Wikibon Projections 2012-2026
Figure 1 shows the 2012-2026 historical and projected storage latency vs. capacity revenues. It shows that capacity and latency markets are about equal, and are expected to remain in balance going forward. The lower the latency, to higher the cost/terabyte. Wikibon expects EMC to deliver its DSSD product with IO times of 50 microseconds within a PCIe server cluster network in 2015, and a range of similar products from multiple vendors to be introduced in 2016 and beyond.
Figure 2 shows the capacity projections of latency and capacity storage as a percentage of the total capacity. It shows that the capacity market is about 4 times the volume of the latency market.

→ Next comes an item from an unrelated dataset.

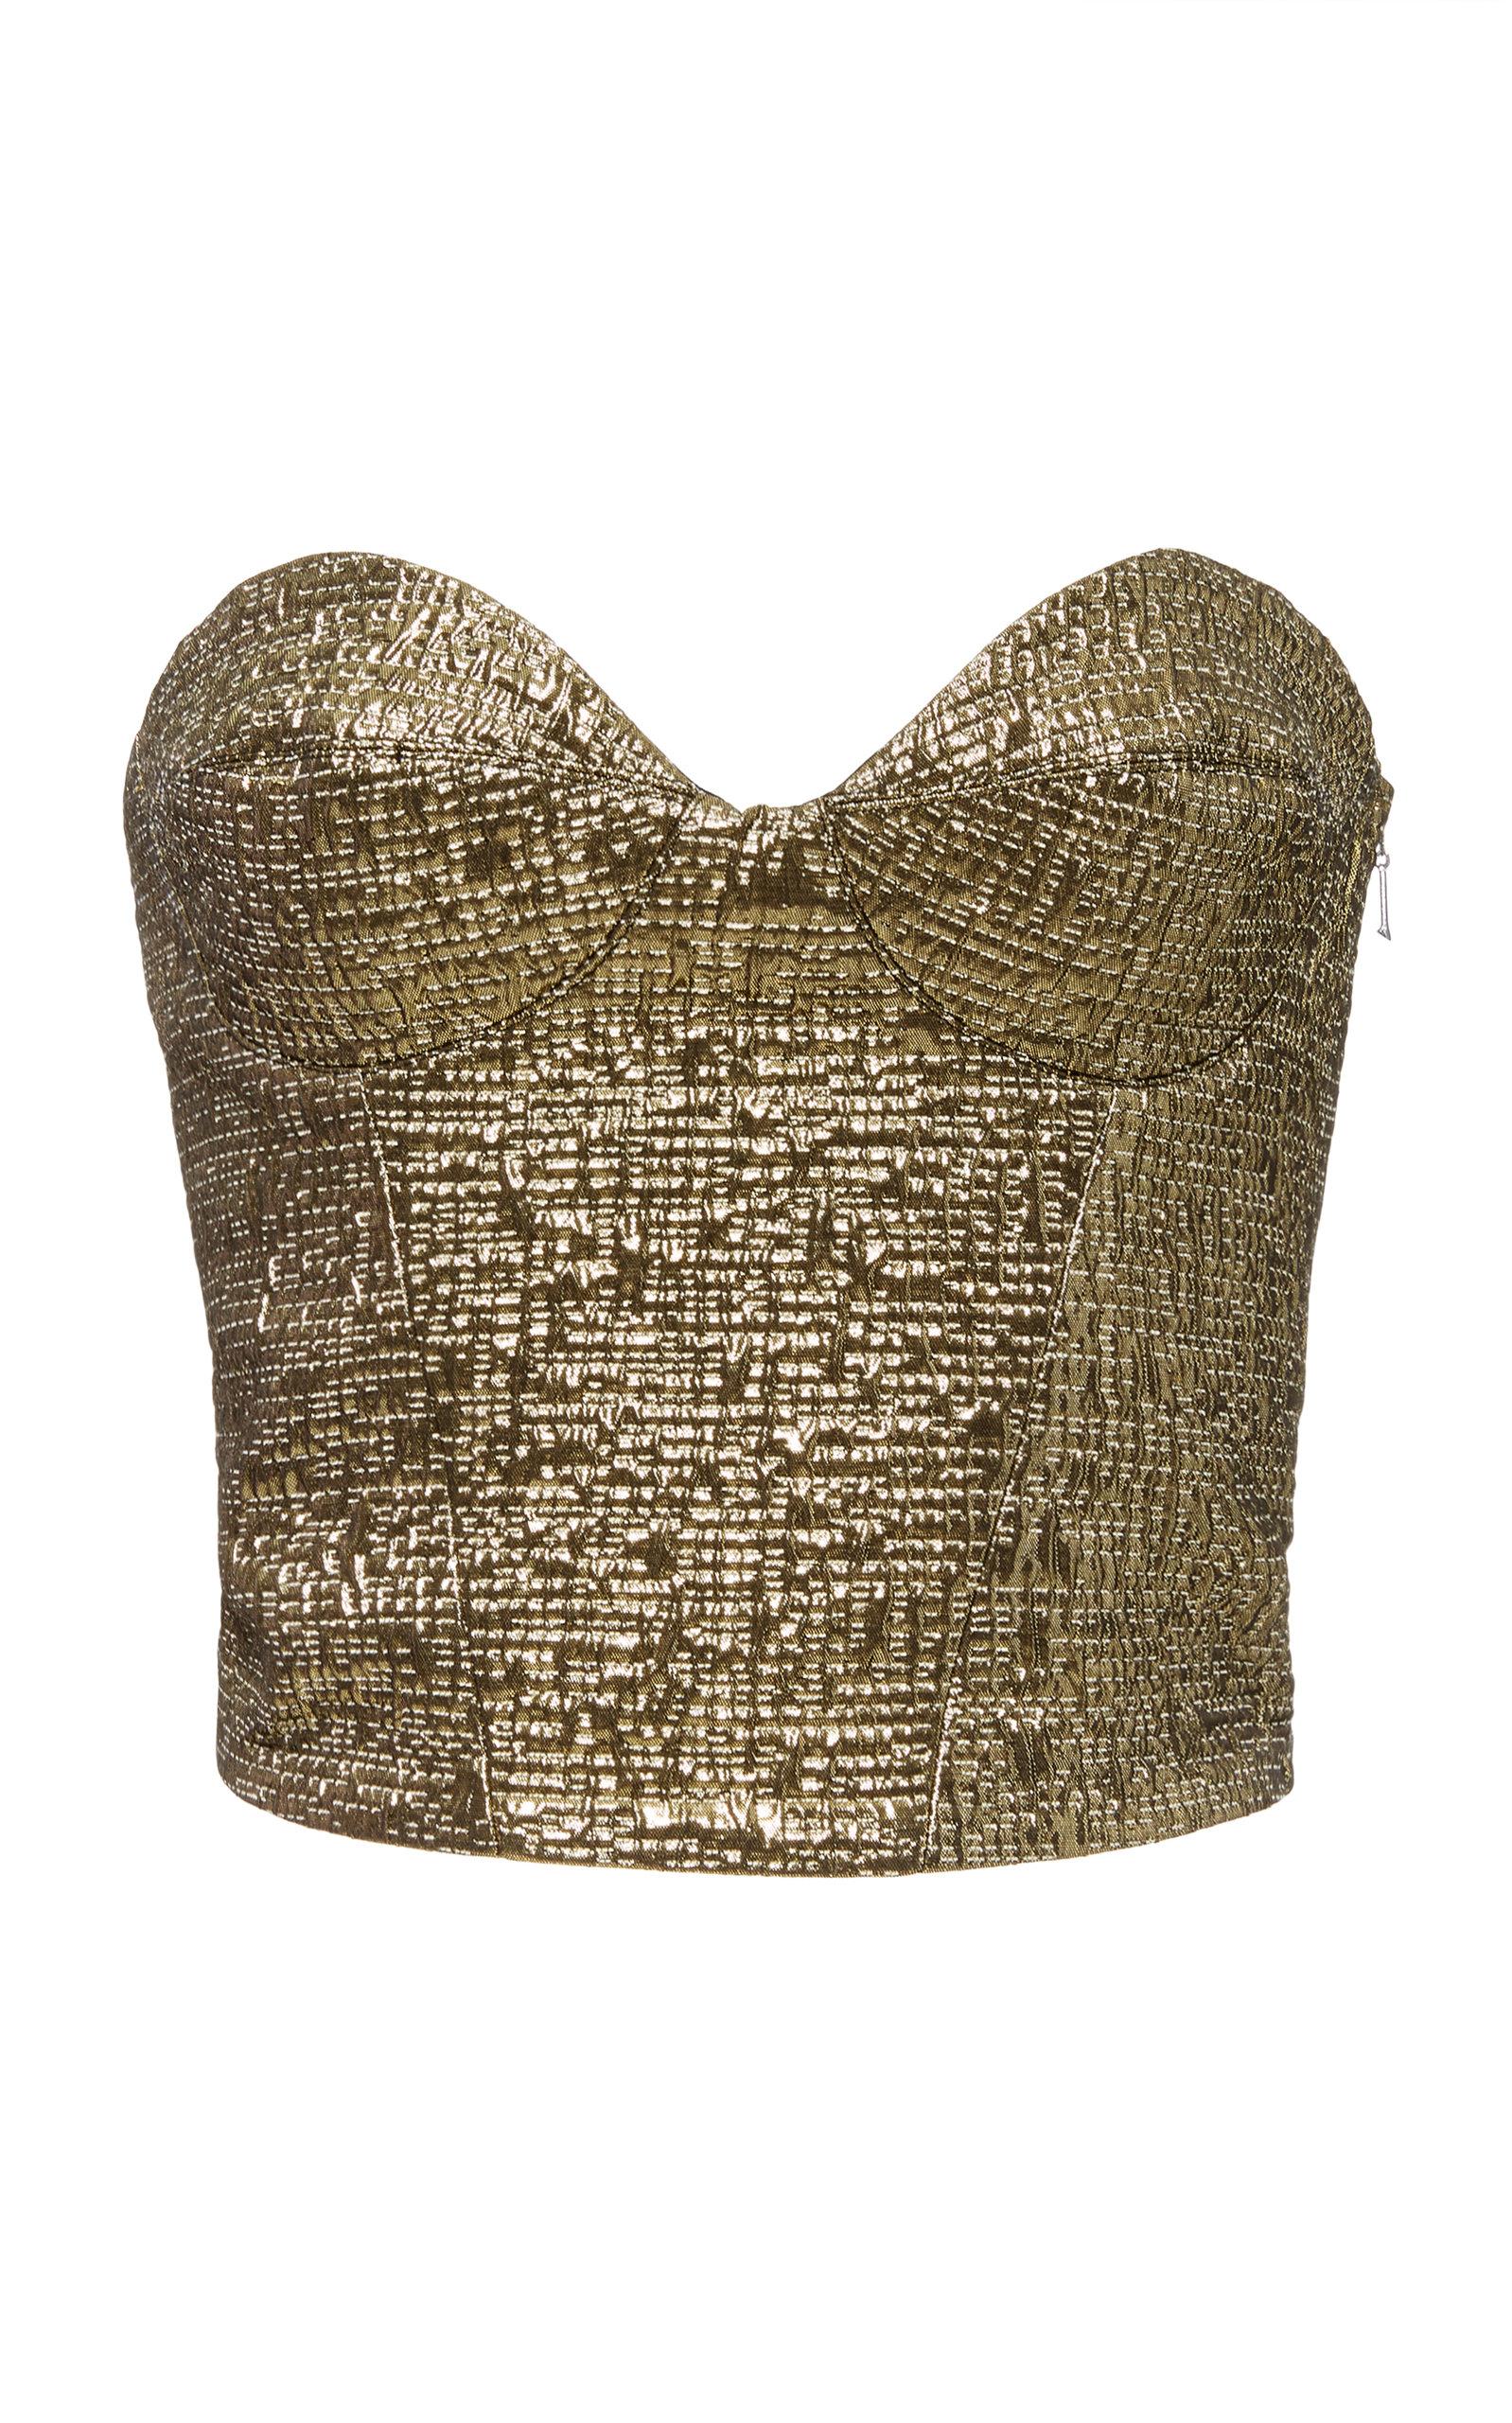 YULIYA MAGDYCH Doll Brocade Top in Gold

The price of capacity flash is already under $1,000/terabyte without compression or dedulplication (e.g., SanDisk’s OEM InfiniFlash™, being re-sold by Tegile following the investment by SanDisk in Tegile).

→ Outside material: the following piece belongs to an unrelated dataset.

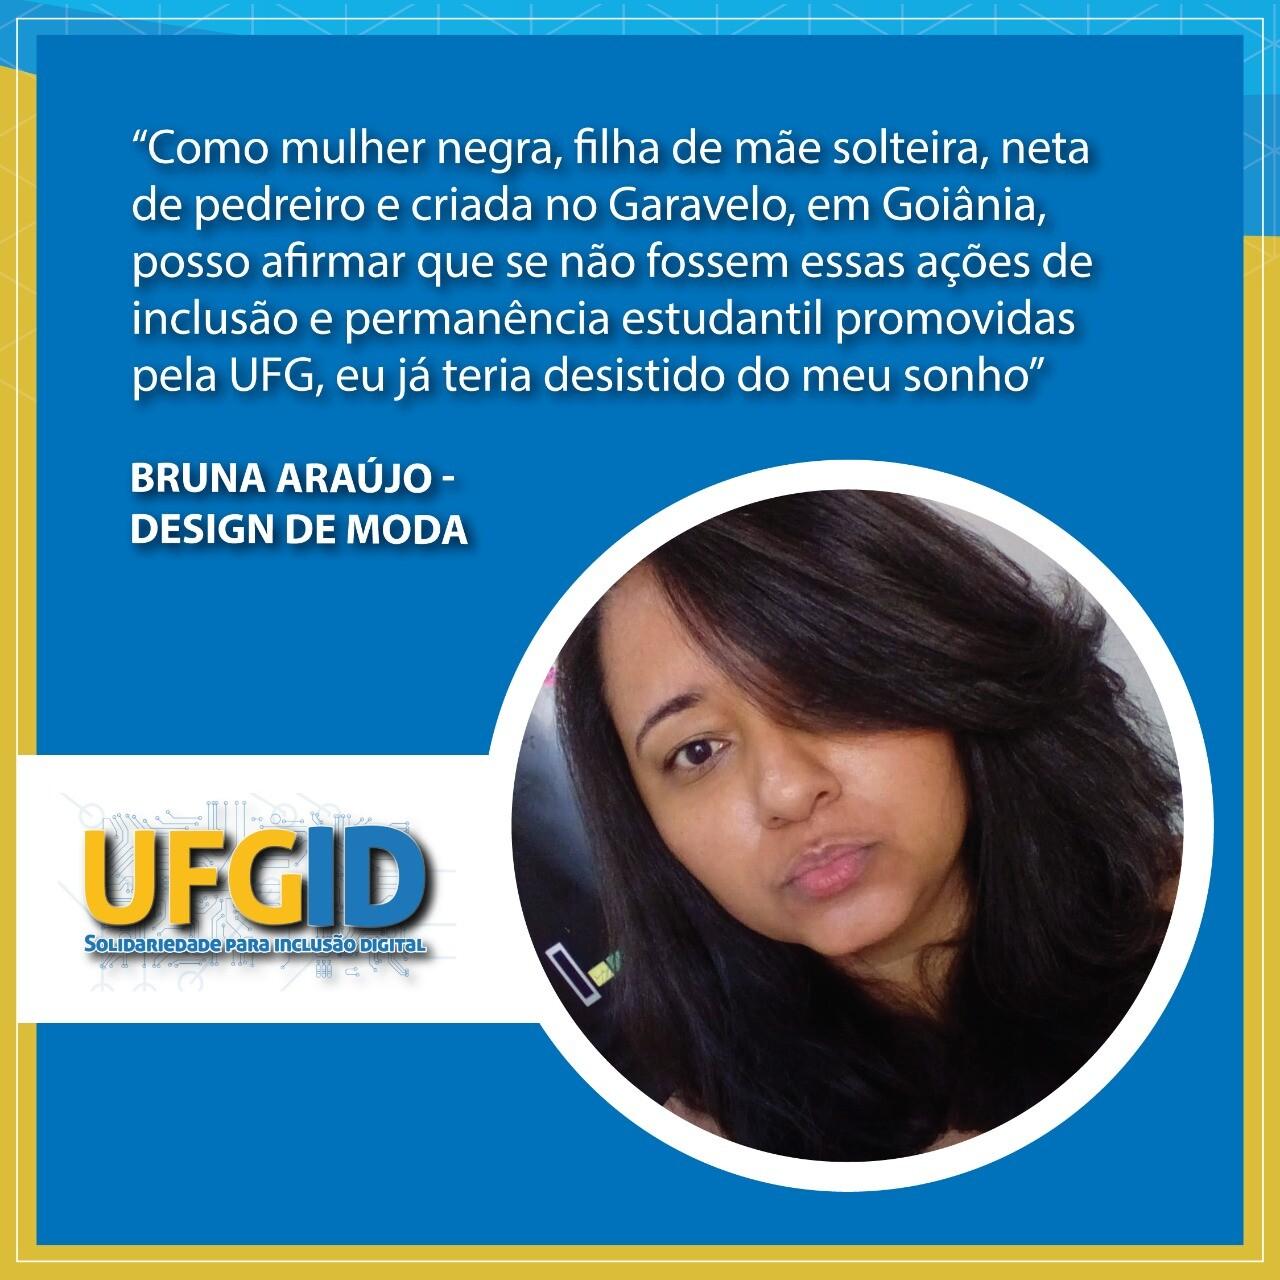 UFGID_02.jpg

Figure 3 shows the split between HDD and Flash within the Capacity/Latency Split in Figure 1. The HDD for latency storage within the total combination of Hyperscale Server SAN, Enterprise Server SAN and the traditional SAN/NAS market is shown to be decreasing rapidly over the next few years. Within the Hyperscale Server SAN, Wikibon projects a short-term increase in latency HDD revenue, but declining sharply after 2018. In the capacity space, Wikibon projects an increase in capacity HDD revenue in 2015, with a slow decline of the HDD market until the early part of the next decade.
Action Item
Wikibon recommends CIOs and senior IT executives plan for separate latency and capacity storage networks. It may be useful to conceptualize this as streams of data from many sources. The streams come in from people, from IT system processes, from video and surveillance, from sensors coming in from mobile devices and the Internet of Things, and from other many other sources. A fraction of this data is diverted to active processing, and the remainder written out and very rarely accessed again. After the active data is processed, again the majority it written out as WORN¹ or WORAN¹ data. What remains is metadata about the data, saying what is stored where.
Comments? Write to david.floyer@wikibon.org, and I will add them to the post.
Footnotes
Footnote ¹: WORN (Write Once and Read Never) and WORAN (Write Once and Read Almost Never) data is initially written to capacity storage, and metadata created within latency storage. When required it is accessed initially through the metadata. Capacity storage is a strong candidate for geographically distributed cloud storage services, using techniques such as erasure coding.
Footnote²: Wikibon provides detailed breakdown of the storage projections by dimension for Premium clients. Dimensions include HDD vs. Flash, Hyperscale Server SAN vs. Enterprise Server SAN vs. Traditional SAN/NAS storage, Physical Capacity vs. Logical Capacity and SaaS Cloud vs. IaaS Cloud vs. PaaS Cloud. All these dimensions are projected for both Revenue and Terabytes.